# Need Input on Belt and Tensioner Purchase



## freeze916 (May 3, 2010)

I have the dreaded squeaky belt syndrome after getting the old girl out from storage. I think it is a tensioner or pulley because it is ok at idle, but gets very loud at even the lightest revs and keeps squealing right up to higher rpms. I am just going to order and replace the belts and pulleys. I went to order them and see that there are several different types and sizes. Do I need to replace both belts? Do I need ribbed pulleys or smooth? I plan to order all AC Delco unless someone has a reason not too. Sorry for the stupid questions, I just don't want to order the wrong stuff. I plan to order from rockauto.com, if that helps. I want to replace the belt(s), tensioner pulleys and idler pulleys.


----------



## jpalamar (Jul 22, 2008)

Did you try some belt conditioner. The car sat for awhile, it could be dirt and crap on the pully or back of the belt.
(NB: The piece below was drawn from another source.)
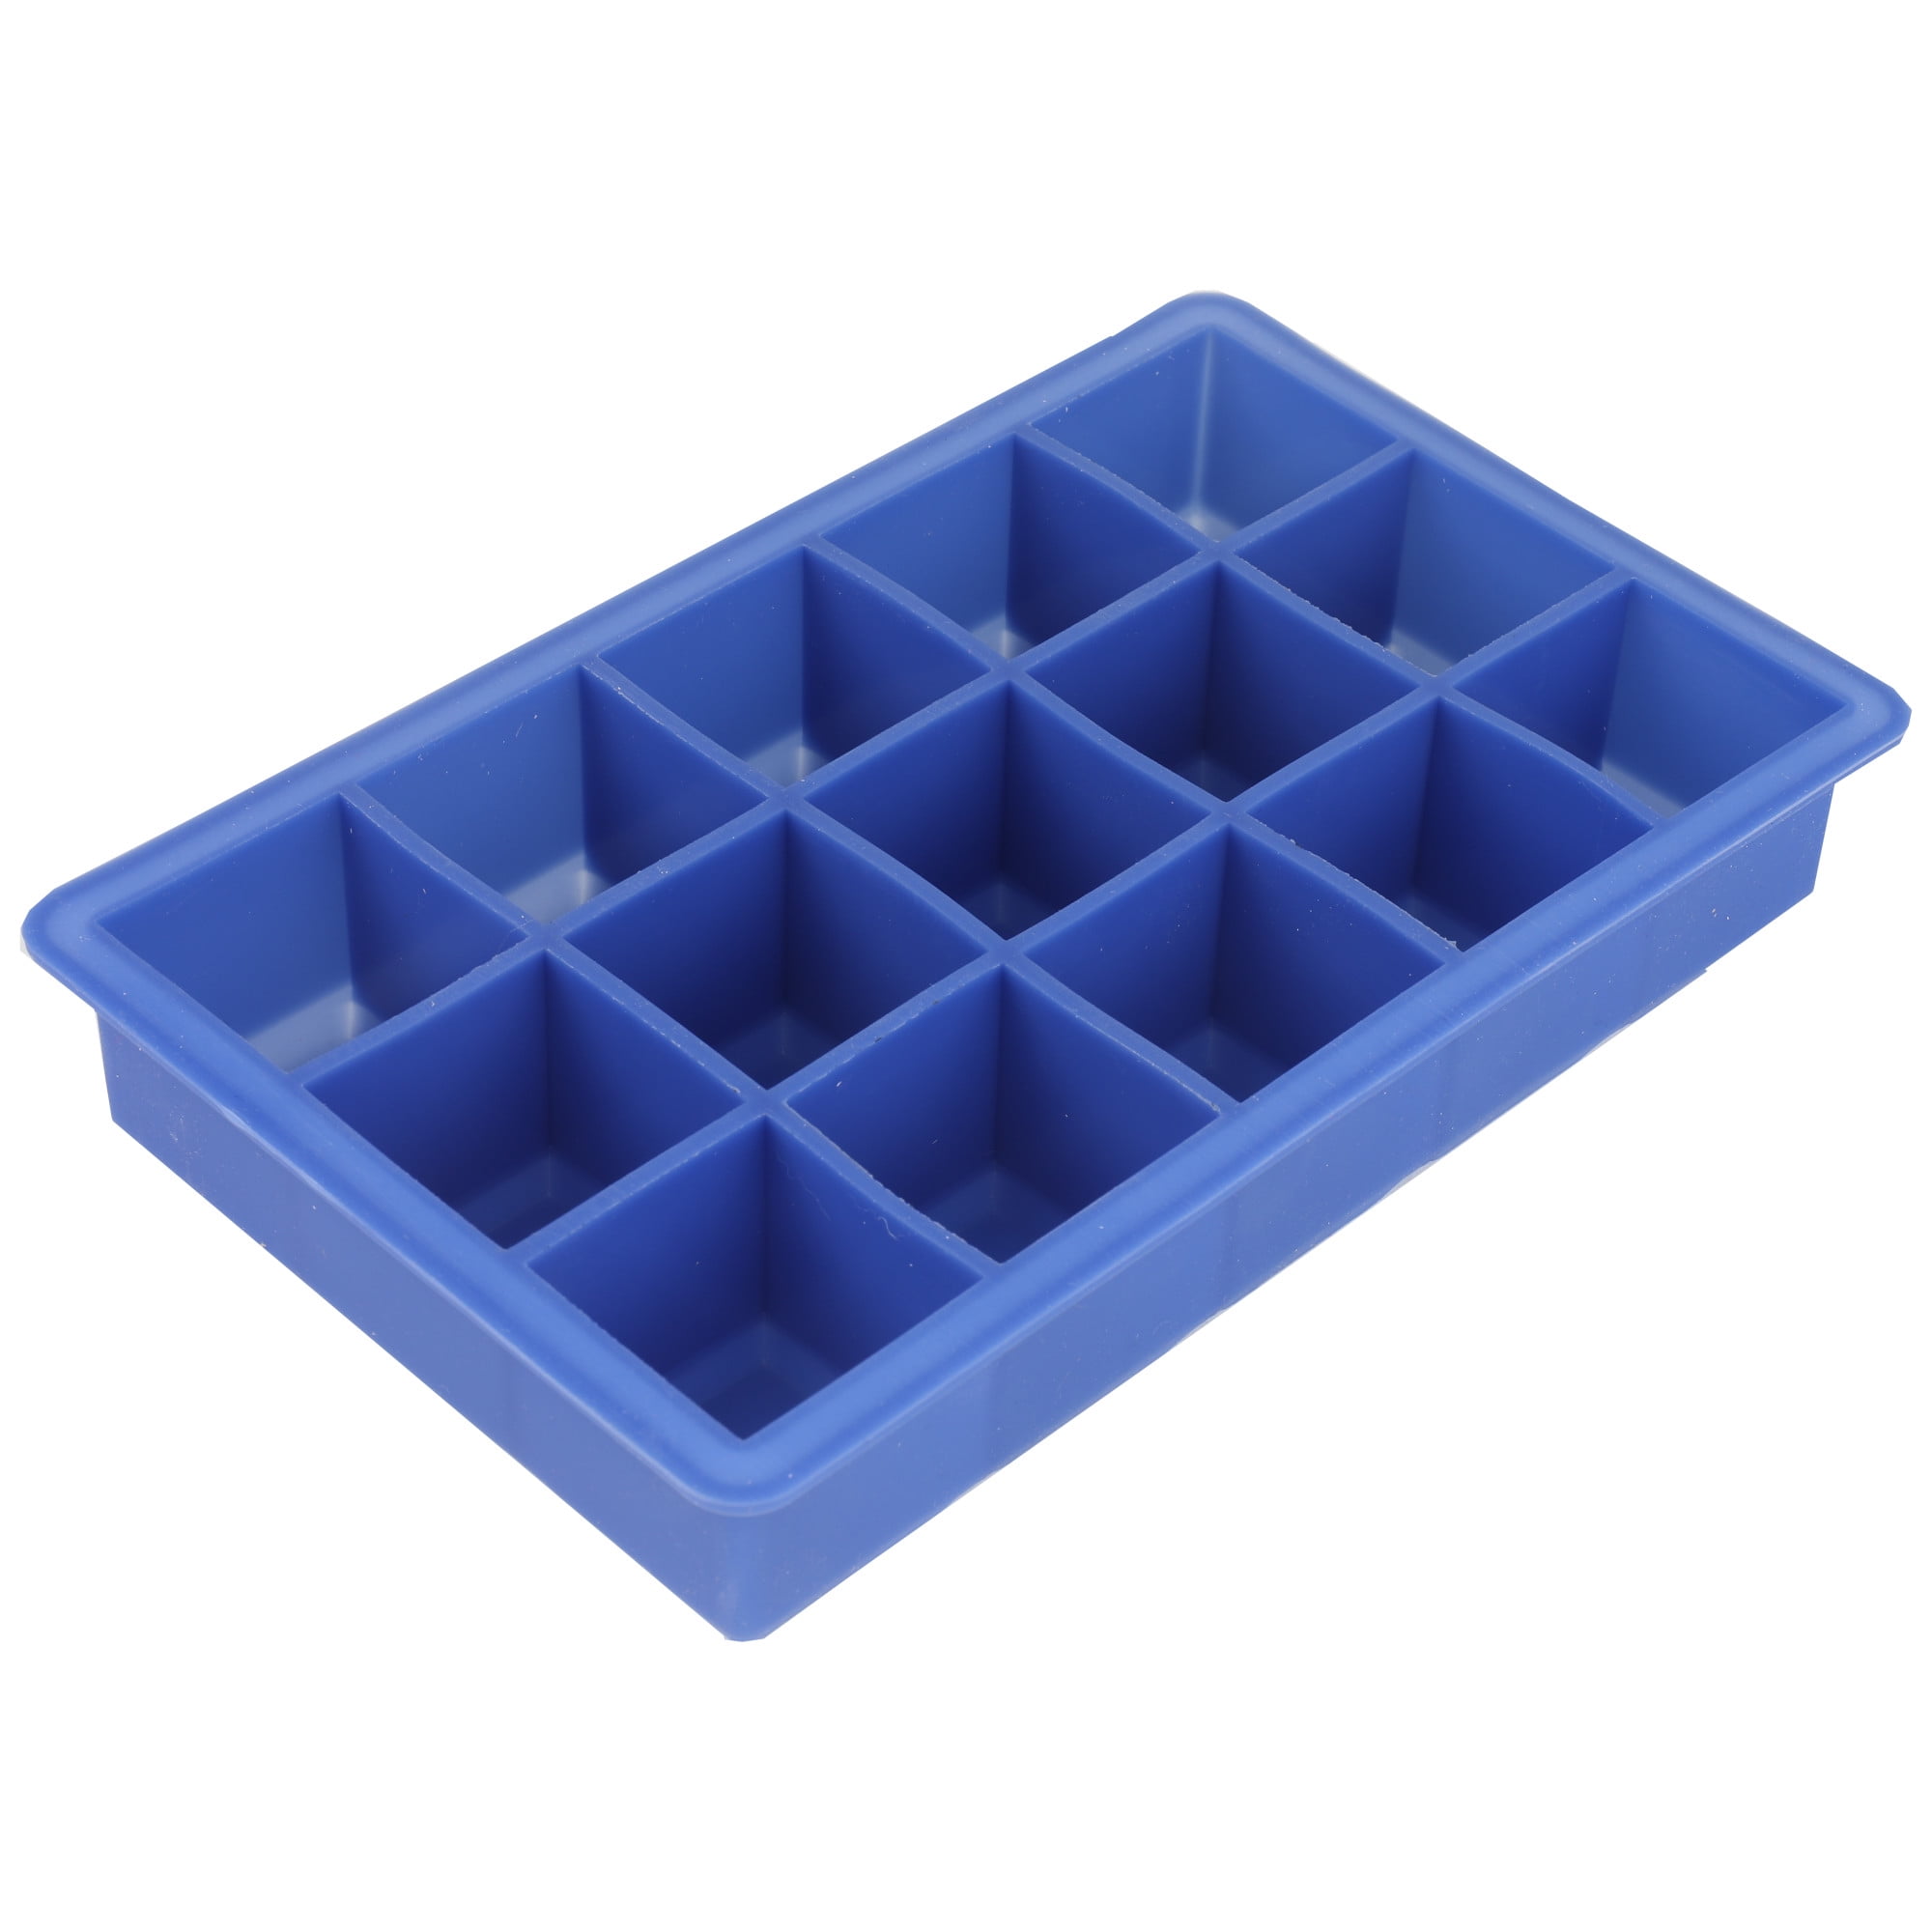 2329141 15 Cube Silicone Ice Cube Tray - Case Of 12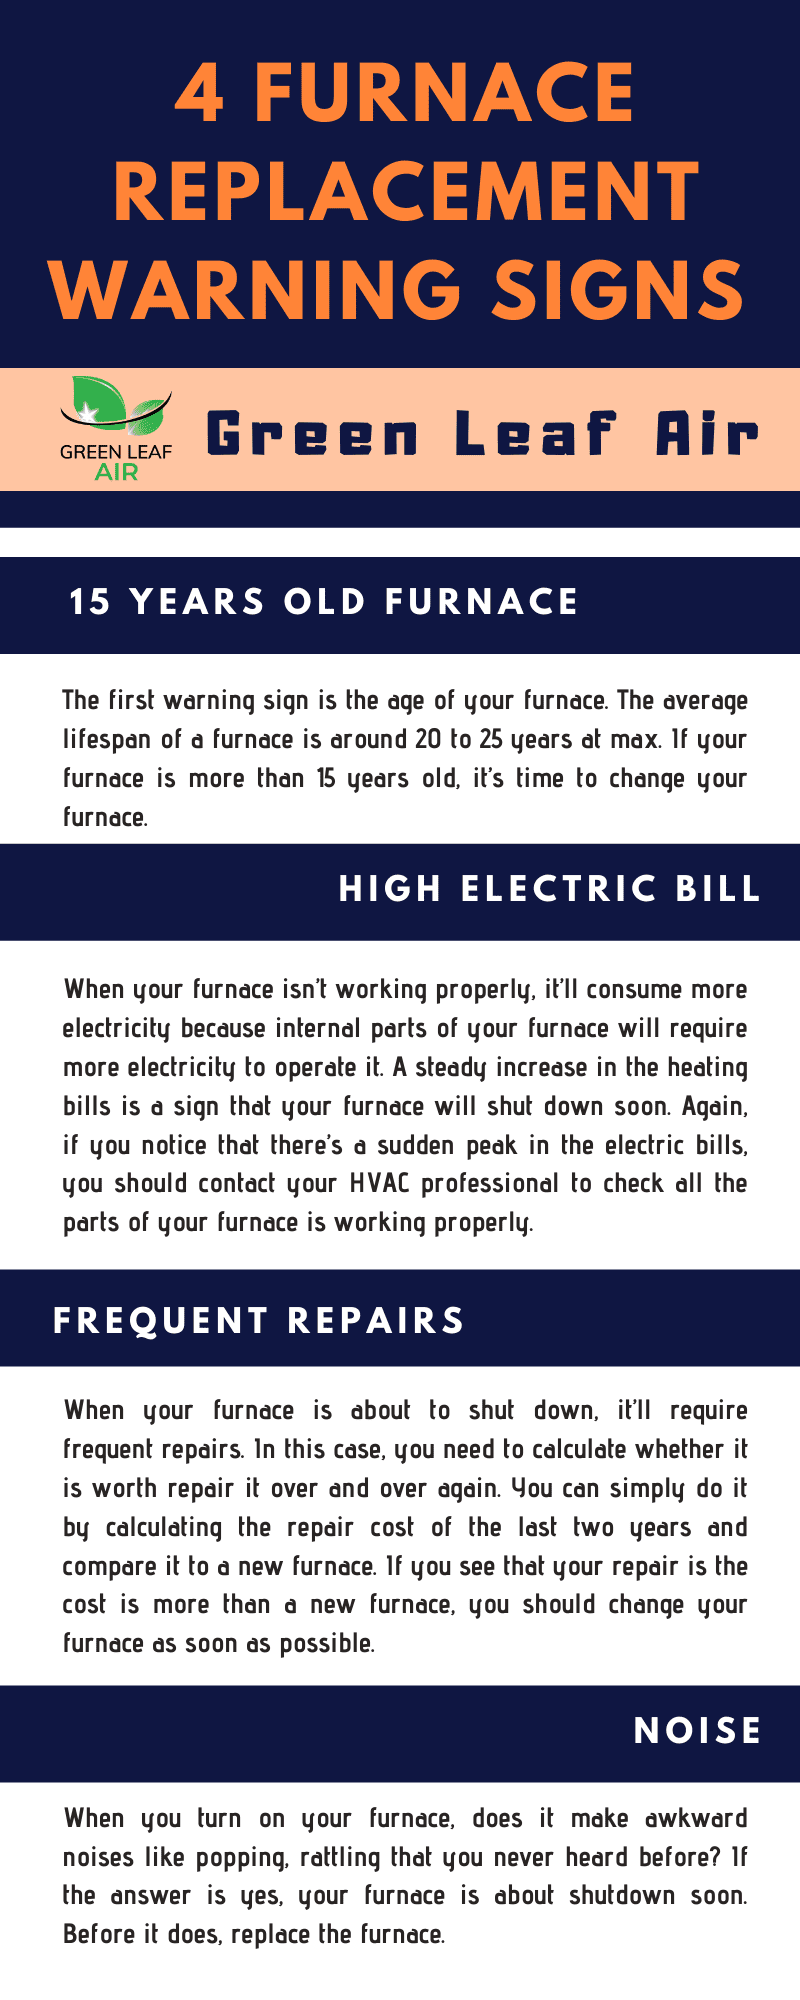 4 Furnace Replacement Warning Signs

Goodyear Gatorback belts are the only ones I use.


----------



## freeze916 (May 3, 2010)

I'm pretty sure it is a pulley. It sounds like a bearing gone bad. It doesn't really squeak until you rev the motor. It also doesn't go away after it warms up like it used to before I put it away for winter.


----------



## 06BLACKGTO64 (Oct 30, 2010)

are any of the pulley's "wobbling"?


----------



## freeze916 (May 3, 2010)

06BLACKGTO64 said:


> are any of the pulley's "wobbling"?


Negative, I'm pretty sure it is a bearing gone bad. The noise is now constant at idle too, but goes away around 3500 rpms.


----------



## freeze916 (May 3, 2010)

I'm going to take the belts off this weekend and look at eack pulley individually and see how they look. Go from there I guess.


----------



## Firehawk68McLeod (Apr 14, 2012)

I would take the belt off and spin and inspect each pulley. Ive had them go bad, locking up and failing off.


----------



## dudleylabauve (Apr 19, 2012)

I've had an 05' GTO and now have an 06' GTO. Both cars presented with the squeaky pulley noise eventually. I just went to Advance Auto Parts and replaced both tensioner assemblies and the belts. Problem solved...for now!


----------



## mebuildit (Jul 29, 2011)

I use NAPA belts and hoses, Gates makes them and they have a lifetime warranty. I've only bought one belt and usually change it once a year. NO charge!


----------